The Commission is charting the path to reach the goal of making the European Union climate neutral by 2050. It recommends a 90% net greenhouse gas emissions reduction by 2040 compared to 1990 levels, which is in line with recent scientific advice and the EU’s commitments under the Paris Agreement.
The following actions will be needed to achieve the 90% reduction target by 2040:
- fully implement existing EU laws to reduce emissions by at least 55% by 2030
- decarbonise industry by relying on existing strengths like wind power, hydropower, and electrolysers. To step up this work strand, the Commission has put forward new measures to manage carbon emissions by industry in the EU that will see investment in technologies that can capture and store carbon, and re-use it
- increase domestic manufacturing in growth sectors like batteries, electric vehicles, heat pumps, solar cells and others
- keep fairness, solidarity and social policies at the core of the transition, helping vulnerable citizens, regions, businesses and workers through tools such as the Social Climate Fund and Just Transition Fund
- have an open dialogue with all concerned, including farmers, businesses, social partners and citizens
In the last five years, climate change has caused an estimated €170 billion of economic damage. Its costs and impacts on humans are increasingly large and visible. We need to act now to strengthen Europe’s resilience against future crises and be less dependent on fossil fuel imports. A 2040 climate target will also help European industry, investors, citizens and governments to make decisions in this decade that will keep the EU on track to meet its climate neutrality objective in 2050.

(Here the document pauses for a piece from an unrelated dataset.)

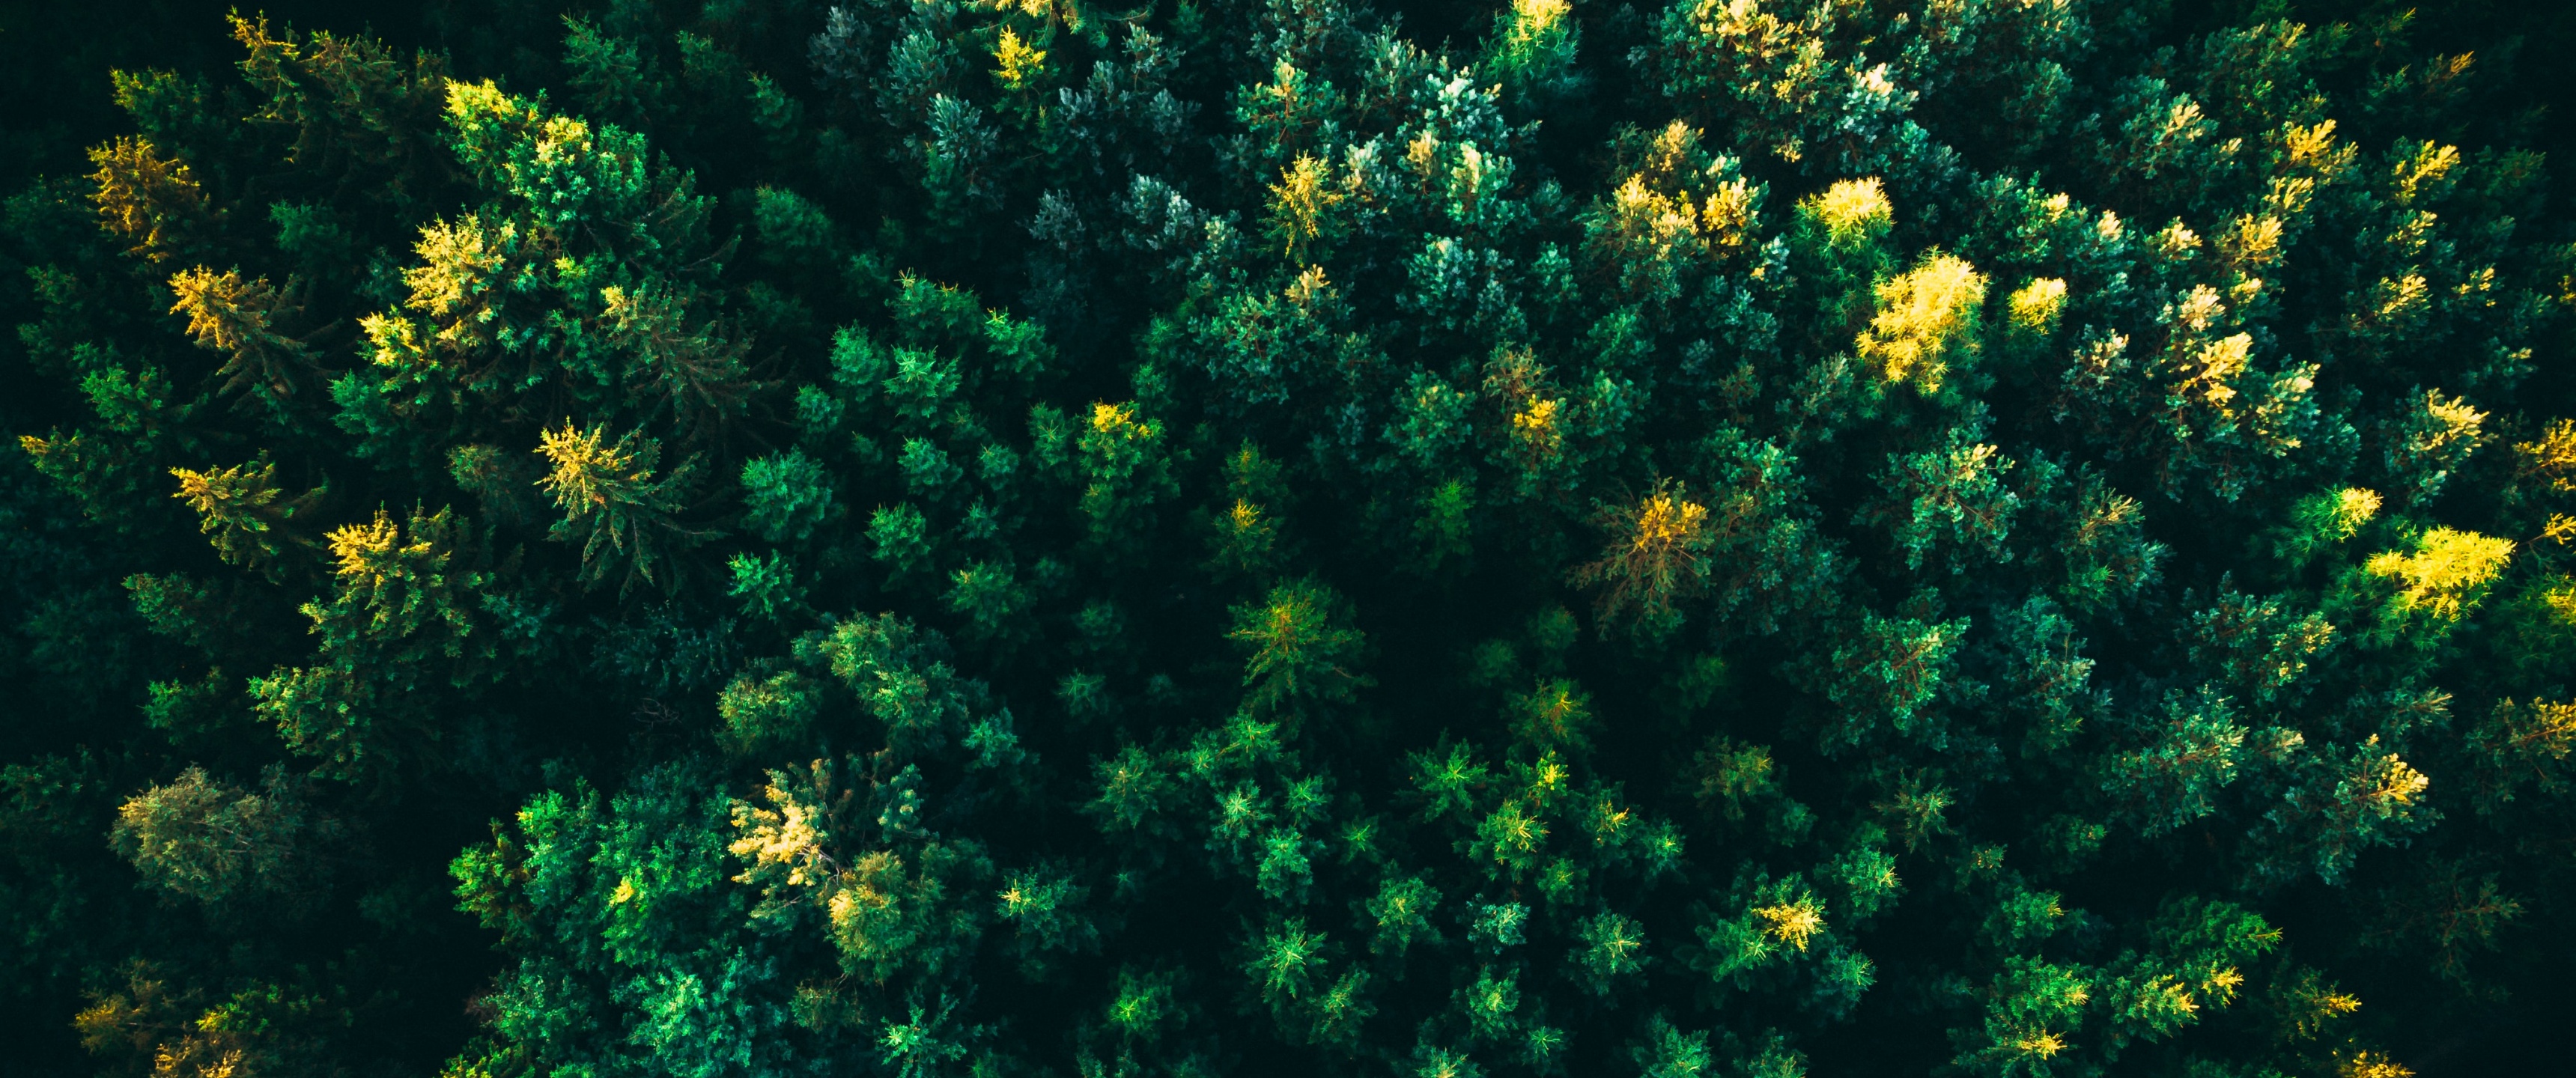 Green Trees Wallpaper 4K, Forest, Aerial view, Greenery, Drone photo, Nature
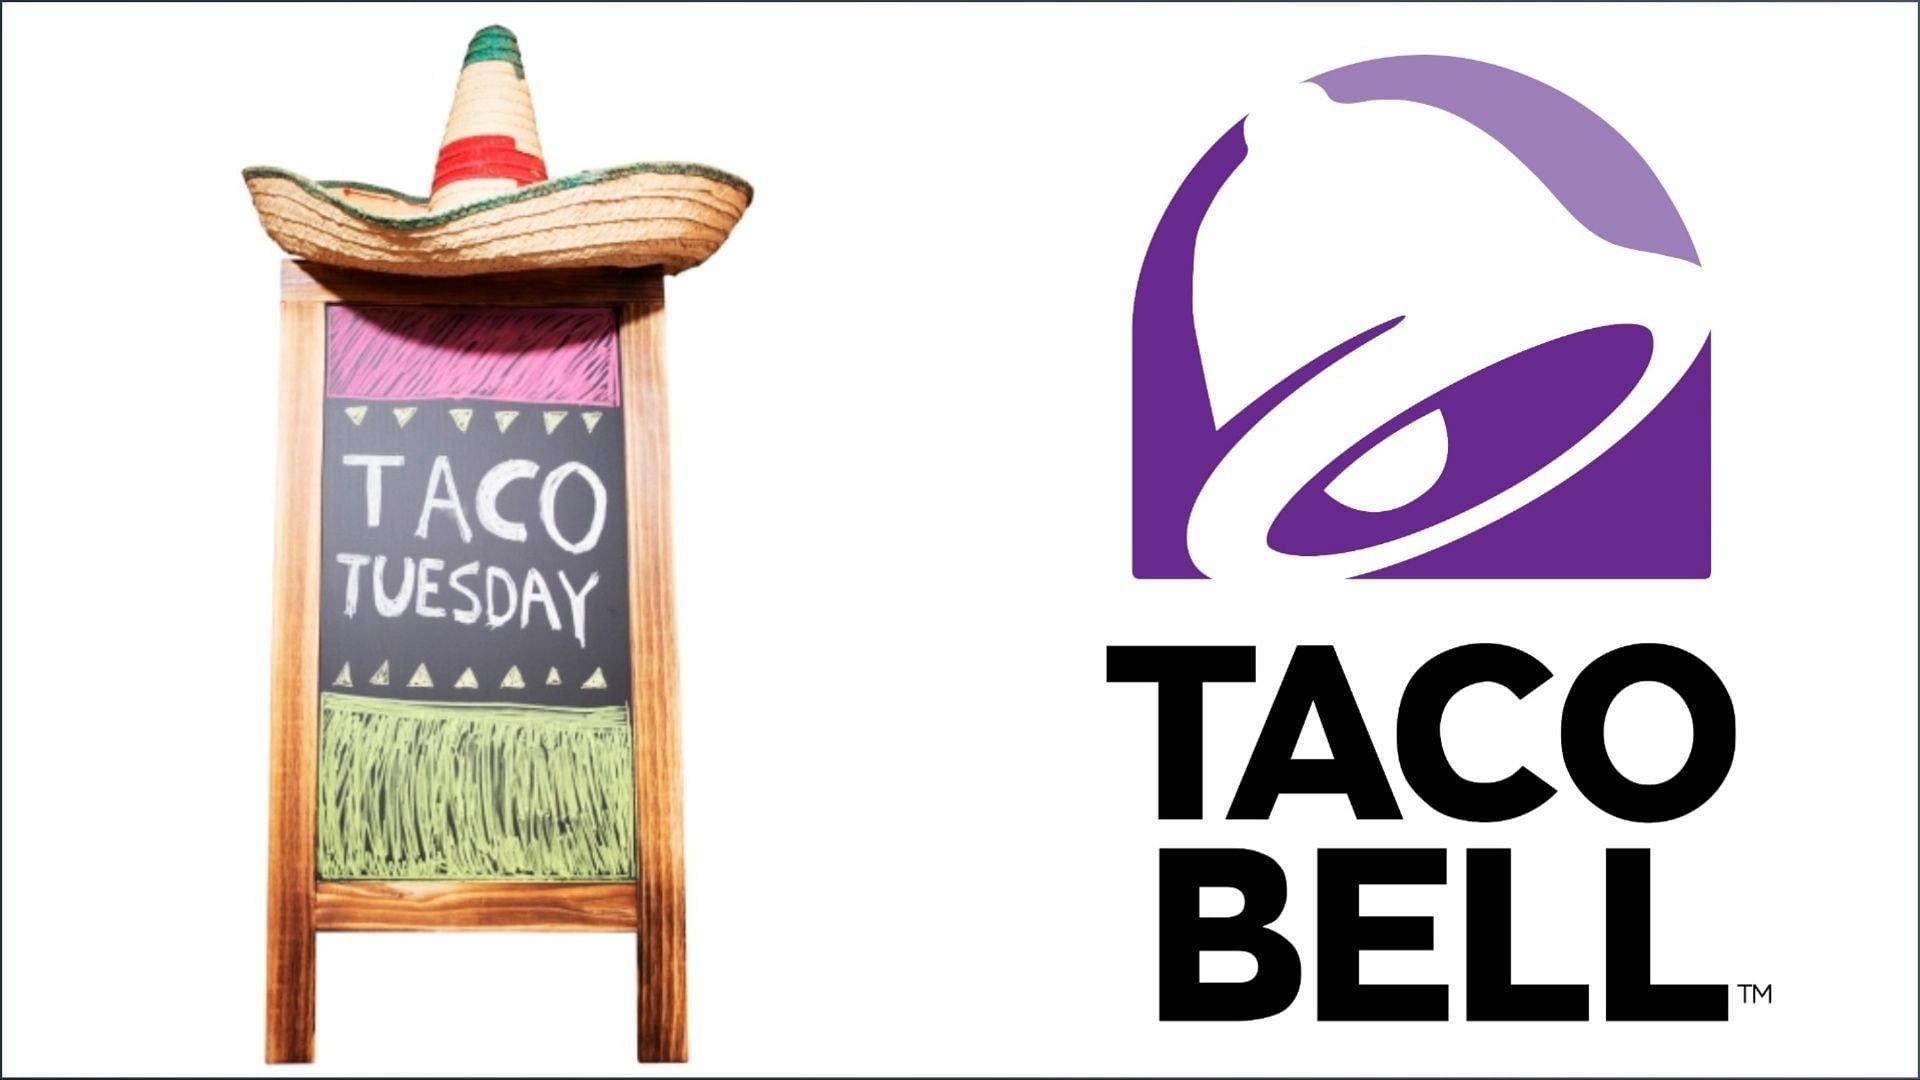 Taco Bell prevails with its campaign to liberate Taco Tuesday after Taco John&#039;s agrees to abandon the rights to the phrase in 49 states (Image via Albertc111 / Getty Images / Taco Bell)

The target will now be discussed with the European Parliament and the Member States. The next Commission will put forward legislative proposals on that basis. The European Climate Law writes into law the goal set out in the European Green Deal for Europe’s economy and society to become climate neutral by 2050. The law sets the intermediate target of reducing net greenhouse gas emissions by at least 55% by 2030, compared to 1990 levels.